Stonington — A Navy research boat and staff from the Woods Hole Oceanographic Institution accompanied local divers Charlie Buffum and Craig Harger of Colchester, this morning out to what they believe is the 201-year-old wreck of the Oliver Hazard Perry’s ship the Revenge, which they have discovered on Watch Hill Reef.
The Navy boat, led by Buffum’s boat, left the Wadawanuck Club dock in the borough at 8 a.m. on what is expected to be a two-day expedition to survey the wreck site using a sophisticated autonomous underwater vehicle from Woods Hole that is equipped with sonar, a magnetometer and a video camera.
Before the boat left this morning, George Schwarz, an underwater archeologist with the Naval History and Heritage Command, said the goal of the trip is to not only use the AUV to map the wreck site found by Buffum and Harger but possibly expand the site by locating nearby pieces of the ship.
He said divers would return at a later date to explore the site and then an archeological investigation would be done to determine if it is indeed the Revenge.
Once that is done, it would be deemed a protected U.S. Navy site and no artifacts could be removed from it.
While the wreck sits on the rocky reef, he said it is possible that the ballast could be pinning some of the hull to the bottom.
Schwarz said that as someone who studies early wooden shipbuilding and nautical archeology, the chance to explore a 201-year-old vessel is very interesting.
Buffum who owns Cottrell Brewing in Pawcatuck and Harger who lives in Colchester, have spent six years looking for and exploring the Revenge.
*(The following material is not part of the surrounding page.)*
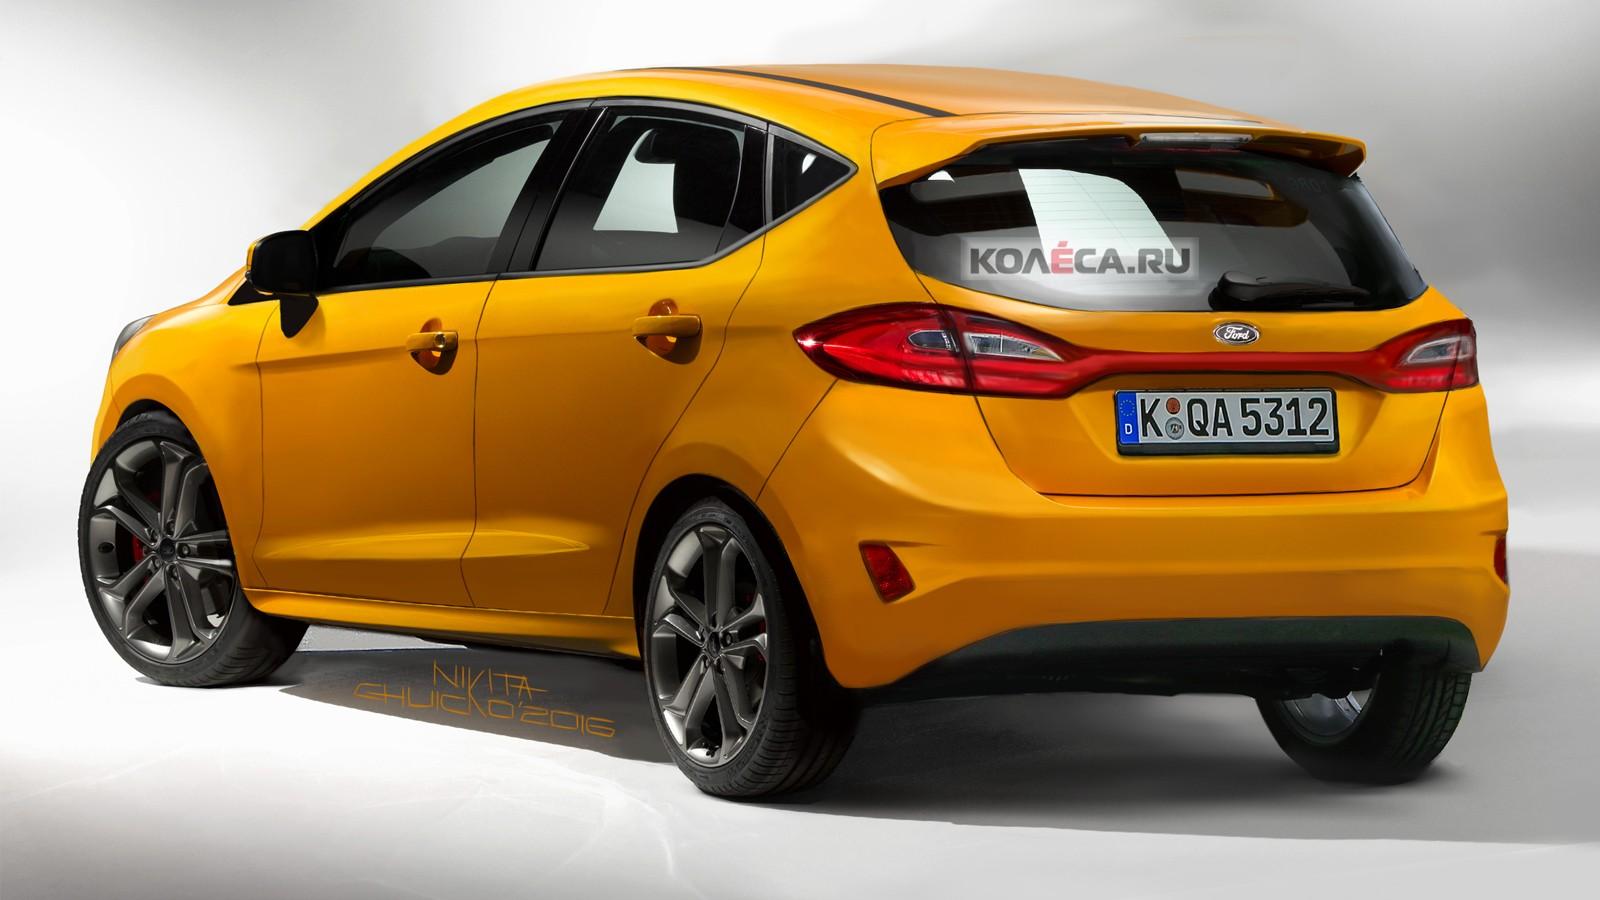 Ford Fiesta rear
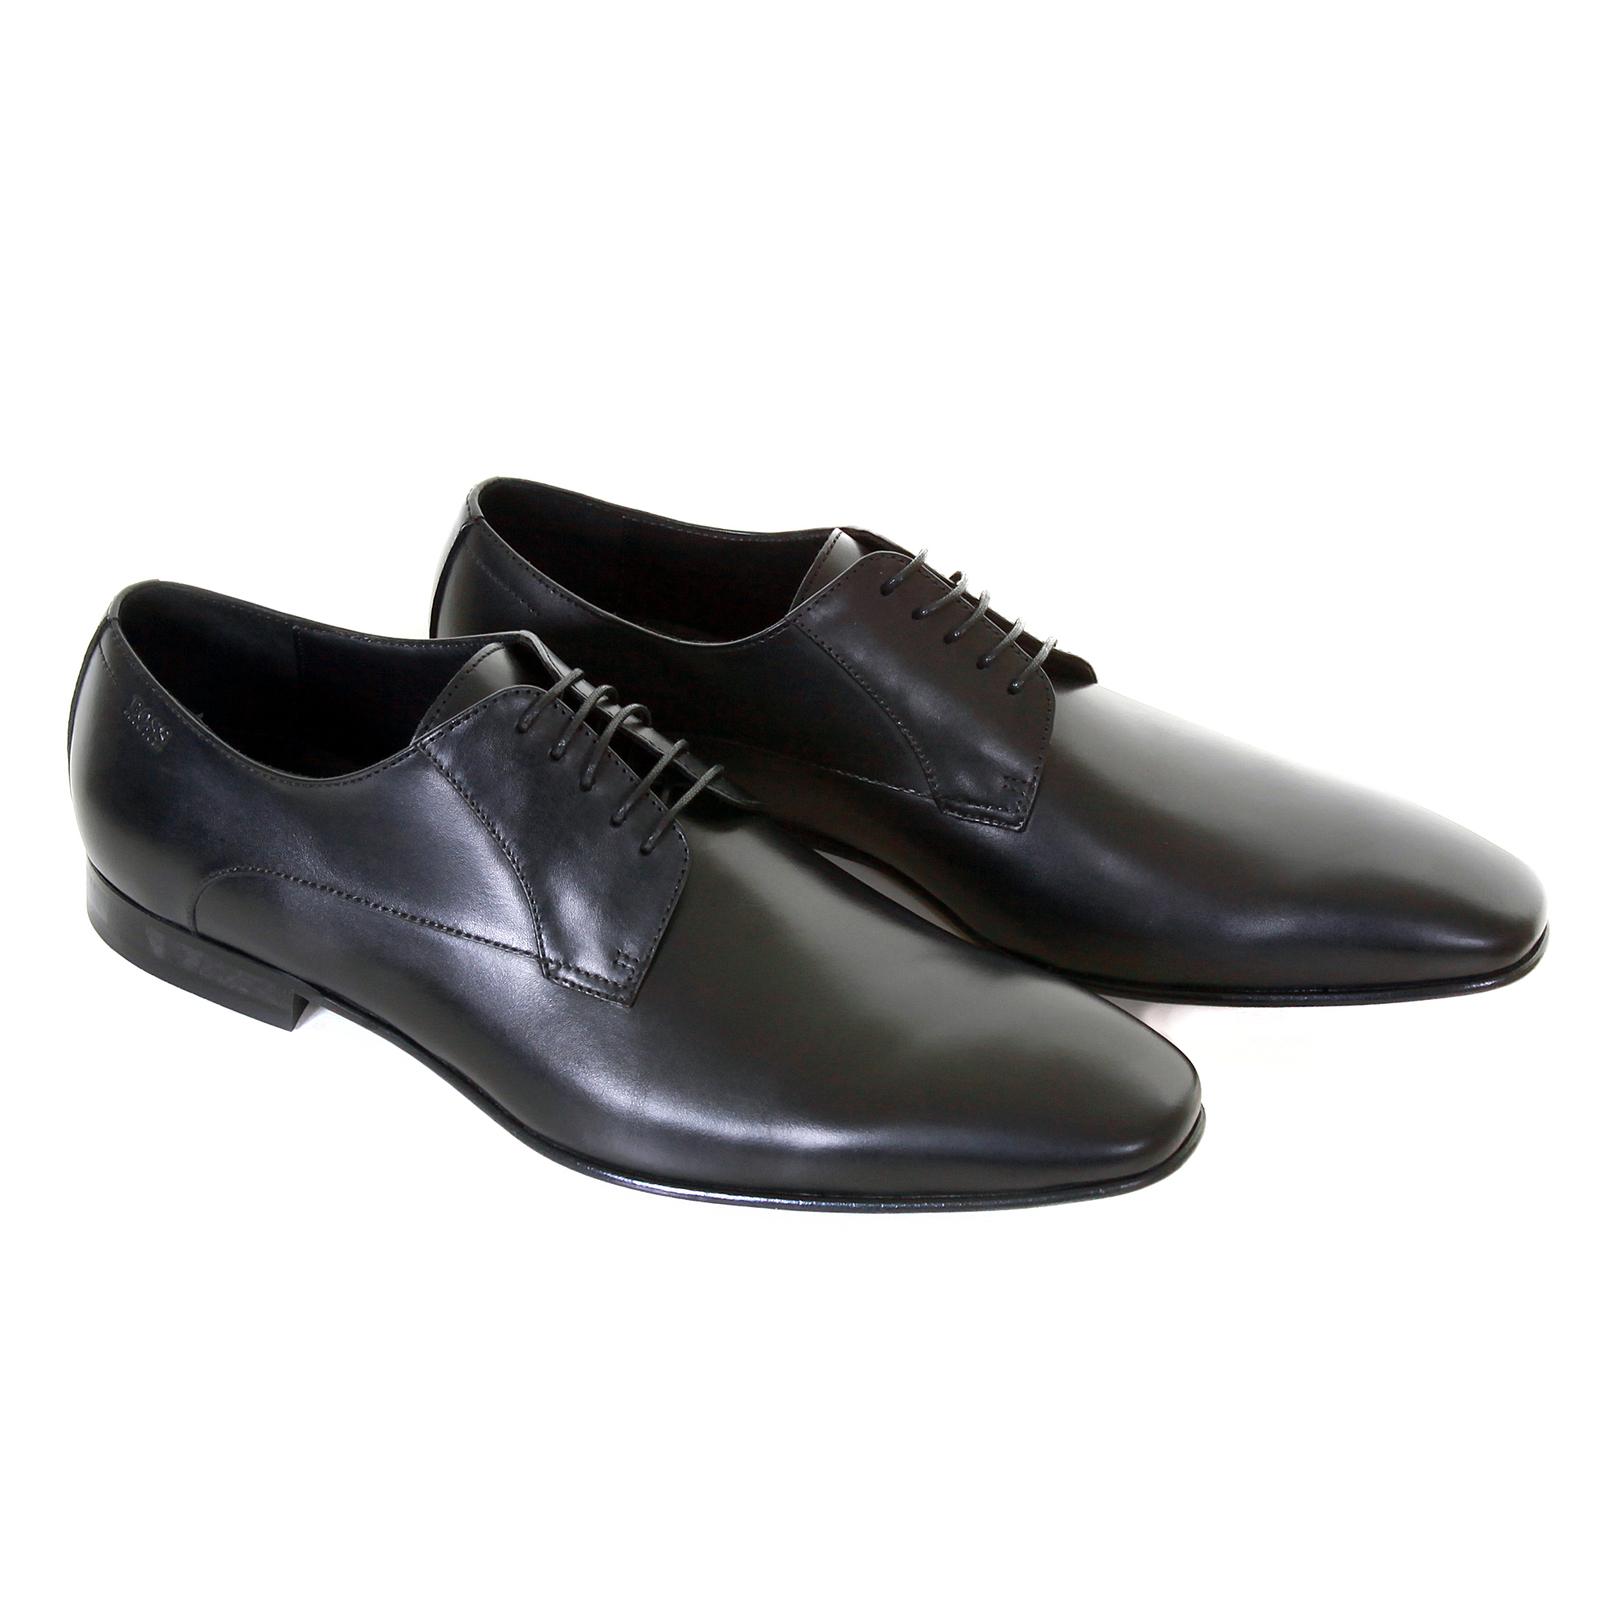 Hugo Boss Shoes Canada Men

They said they have been looking forward to the trip that could confirm their belief that the ship is the Revenge.
“It’s been a long time coming but it’s been a fun process,” said Buffum, about Monday’s trip which could confirm the ship’s identity.
“We hoped to do this in the warmer months but we’ll take what we can get. The people from Woods Hole said the robot doesn’t care how cold it is,” said Buffum whose brewery recently released Perry’s Revenge Ale, to celebrate the discovery.
Still, this morning’s calm, clear conditions offered excellent visibility for the group, especially since the wreck sits in just 10 feet of water.
“We’re just tour guides. We’ll show them where it is,” said Harger. “We have as much experience on that reef as anyone. We dive it so much.”
So far they have located six cannons as well as an anchor. Because the Revenge belongs to the Navy, the two men are not allowed to salvage any items from the wreck.
The Revenge was a 14-gun schooner that sank on the reefs off Watch Hill on Jan. 8, 1811, while surveying southern New England harbors, including New London.
Perry faced a court martial over the wreck but was eventually exonerated as blame fell on the ship’s pilot. Because of the incident, however, the formerly fast-rising captain could not get command of a ship battling the British along the Eastern seaboard. He had to settle for the less glamorous position of commanding a fleet of warships in the Great Lakes.
Under his command in 1813, that fleet defeated the British in the Battle of Lake Erie, a major naval confrontation during the War of 1812.
Aboard Perry’s ship, the USS Lawrence in Lake Erie, was a battle flag bearing the now-famous saying, “Don’t give up the ship.” The battle is seen as a turning point in the war and helped change the course of U.S. history.
In his post-battle report to his superiors, Perry wrote another saying that is now famous: “We have met the enemy and they are ours.”